= Çatak helicopter incident =

Turkish military incident

On 11 September 2020 two Kurdish villagers were arrested in their village near Catak district of Van province and two hours after were hospitalized. Servet Turgut's medical report stated injury to "unspecified fall" and Osman Siban to "fall from a high location/fall from a helicopter". Witnesses stated that they were healthy upon arrest when taken on a helicopter after.

Siban was discharged and his treatment "completed" on 20 September 2020, but the very next day at 5:30am he was taken from his home to a military hospital, ordered by the Chief Public Prosecutor in Van. A planned delegation of HDP’s including Parliamentary Spokesperson, several deputies, executive board and party assembly members to investigate the incident arrived the same day. The police had surrounded members of the delegation which wanted to make a press statement after their visit, but the press were prevented from publishing. Siban aged 50 at the time, suffering from "dizzy spells and memory loss" since being discharged from the military hospital.

A day after arresting Siban, the governors office of Van released a statement stating that one "got wounded by falling off the cliff" (referring to Turgut) and both are "considered to be aiding and abetting the organization members." referring to the PKK.

Turgut since being in a coma died aged 55 on 30 September 2020 due to his injuries.

== Background ==
The incident followed clashes between the Turkish military and the PKK nearby the village resulting in the death of three Turkish soldiers and one (or three) PKK militant(s). After the clashes Turkish soldiers visited the village while Turgut was working in the farm near by, they then gathered the men making them kneel down in the middle of the village. Turkish military officers asked villagers to confirm the identity of Turgut since he had no ID and questioned who Şiban was. Witnesses state that the officers began to shout at the villagers saying “We are in pain. Who will we take it out on, if not you?

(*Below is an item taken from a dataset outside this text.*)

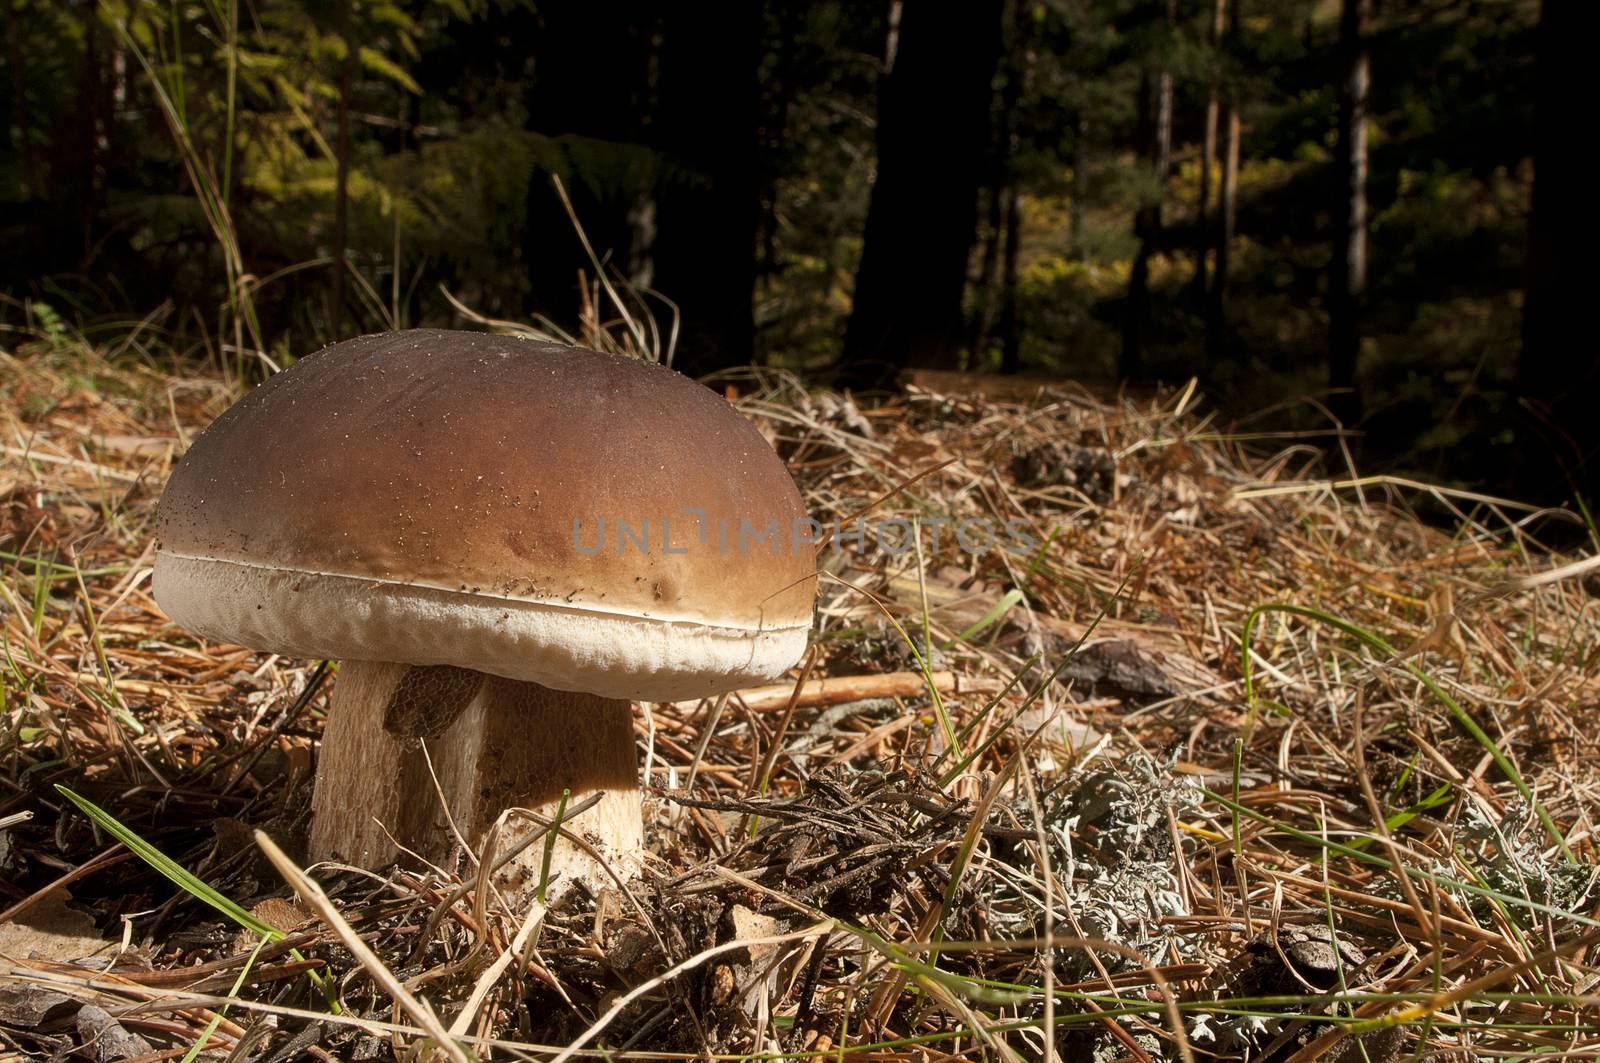 Mushroom, boletus edulis, in pine forest

We are going to burn your village down.” assuming they were referring to the soldiers deaths during the recent clashes.

=== Cover up ===
Human Rights Watch stated "Strong discrepancies between the Van governor’s statement and witness statements raise concerns that the authorities are already engaged in covering up what happened to the men and may prevent an effective, transparent investigation into the incident. The governorship claims both men were apprehended in the same location, though witnesses say that about 15 military officers brought Turgut to the village while Şiban was having tea there with his brother."

=== Arrests ===
A year since the incident there has been no progress in terms of the case, however since then there has been only journalists who reported on the incident to be arrested. Journalist Cemil Uğur's house was raided, and later he was taken to the “counterterrorism branch of the Turkish police” in Van. Amnesty International has written to the Turkish authorities stating allegations must be "promptly be independently and impartially investigated."

=== Related history ===
Similar acts have occurred in the past in which the Turkish military have thrown people out of helicopters in the 90's. One case occurred in May 10, 1994 in which three people accused of being PKK guerrillas were thrown to their deaths flying near Kulp, Diyarbakir province.